Sooooo....Sorry I wrote a novel here! Lol! ...I don't get much opportunity to tell anybody what I've been doing and once I got started here, I just kept rambling!
I hope things are going well for you!
Have you had snow yet?
We are expecting snow again Saturday night and most of Sunday.
I am not looking forward to more snow! ...but it is kind of cool to see bunny tracks in the snow! (We have lots of bunnies that live in our apartment complex.)
U don't worry about how long your posts r. I'm not on the clock anymore.

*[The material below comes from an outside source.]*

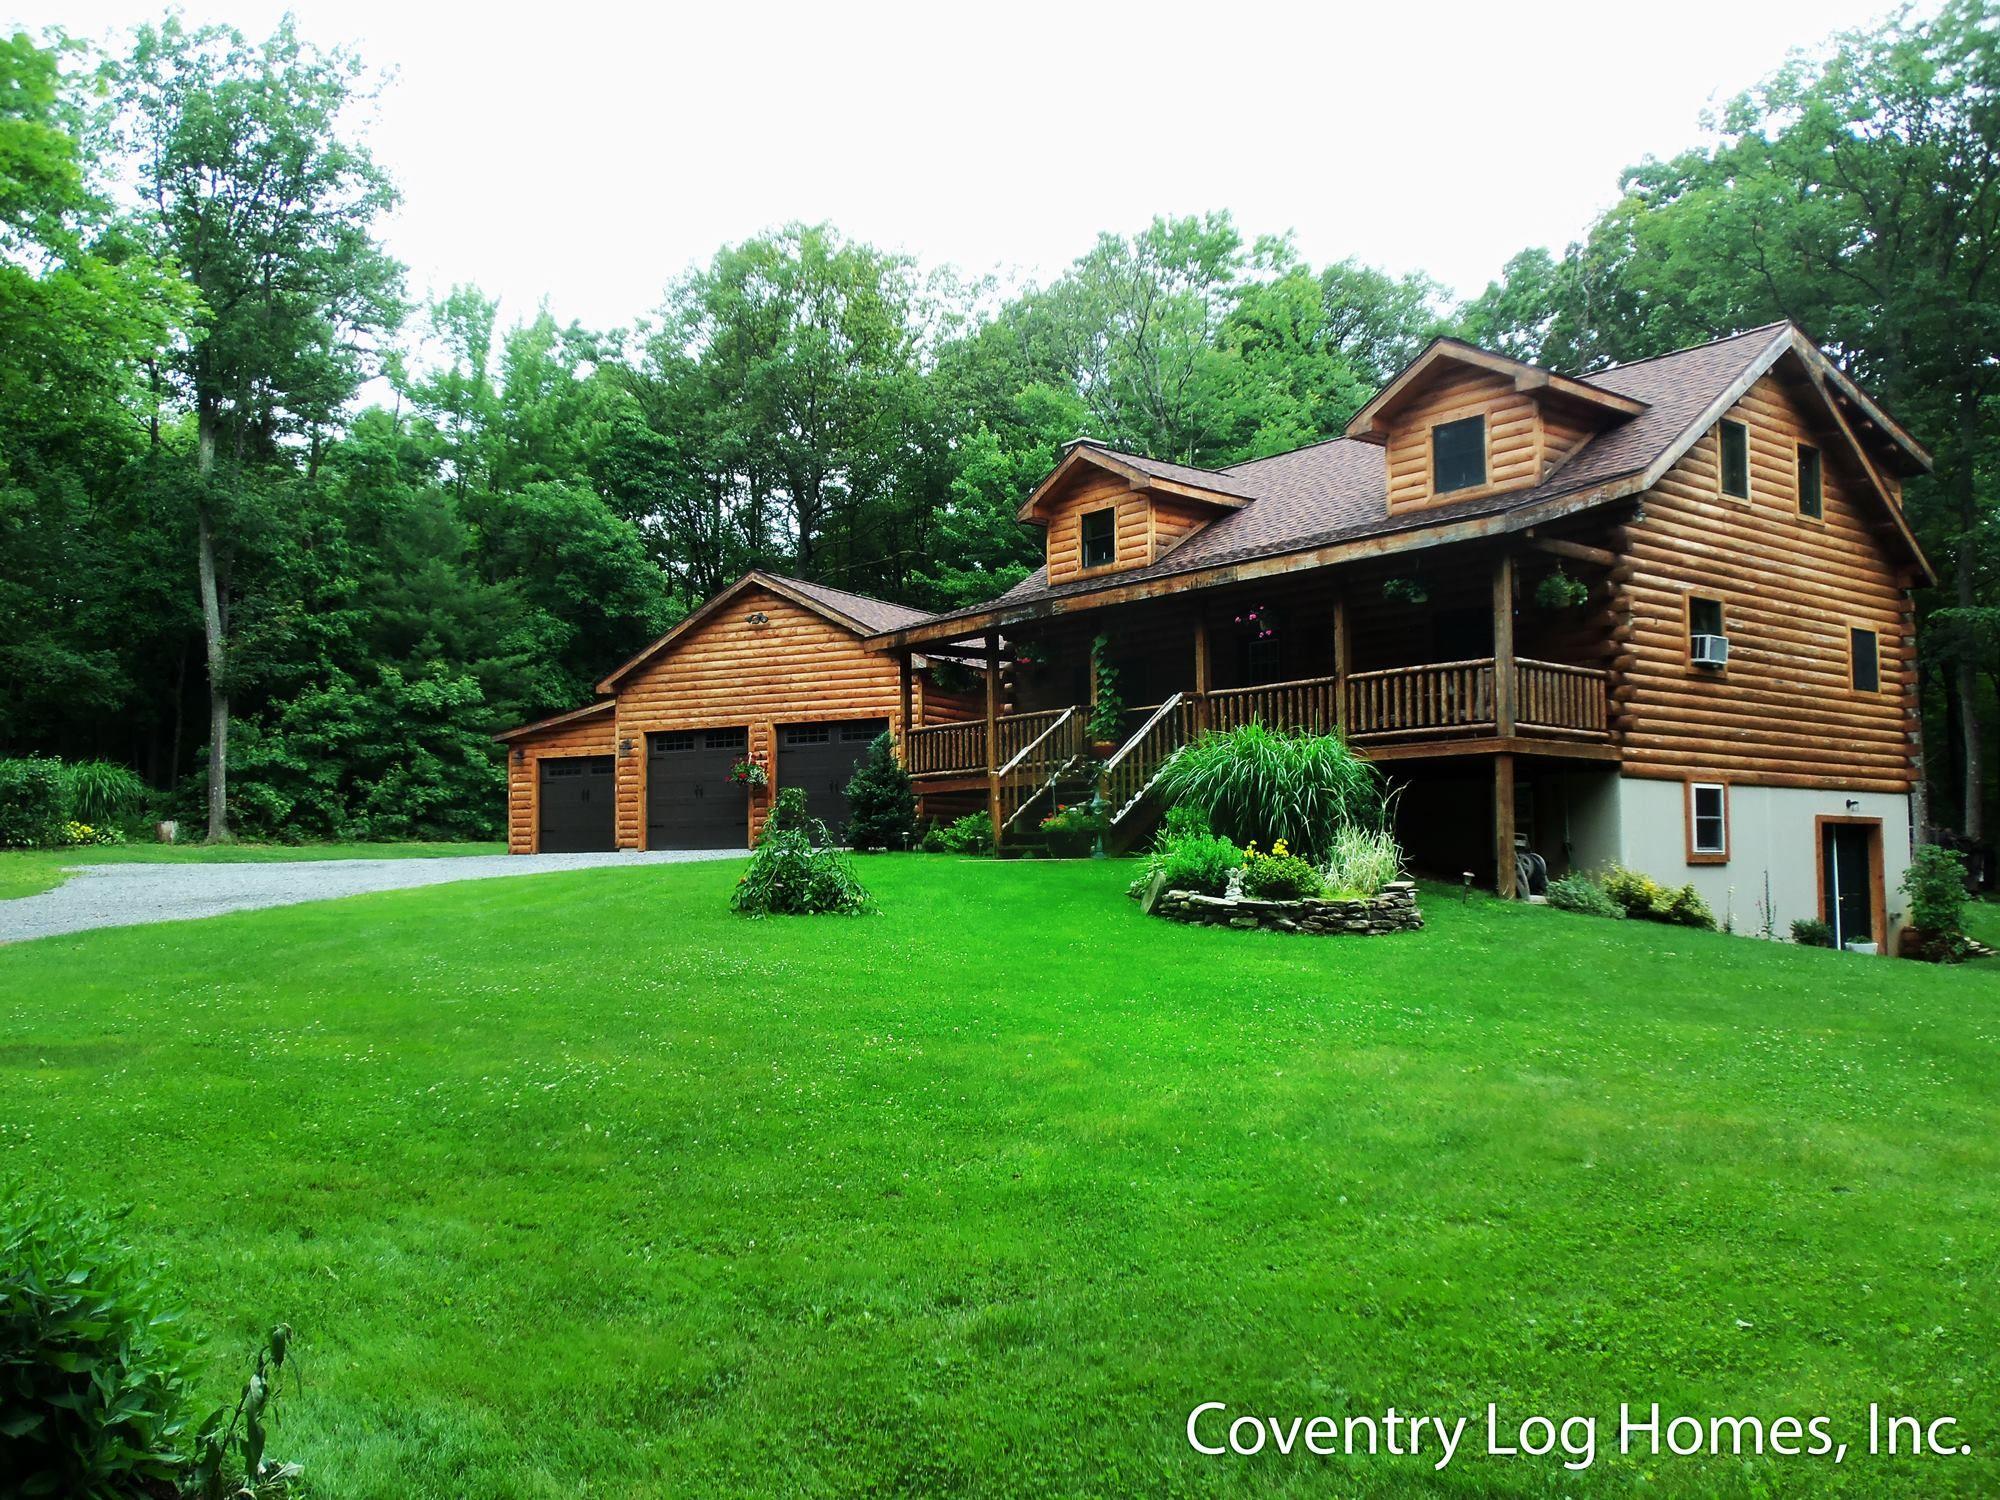 18 Surprisingly Log Home Garage  Home Plans  Blueprints

Things r going well. Both my sister and I have disowned the monster. Aftershe lied on both of us to the cops and the county, she died in my heart.
Our lives have gotten back to our previous monster levels. Our dynamics r slightly different. Sis is happily married and spends the holiday's work jet husband's family who have completely taken her to their hearts. Wifelady and I take the holidays with daughter girl and her family. I generally call the 4 odd them the kids. Ken got saved and now all 4 of them r in and working for the church. I'm so proud of them all. I know u don't believe. Don't think I'm back for preaching. It's just a big part of my life. Most Sunday mornings I go live on my Facebook group"siblings of the gospel " u can check me out on melbas Feb accounts.
No snow yet. Just 2 frosty mornings. Be well and I'll see u later.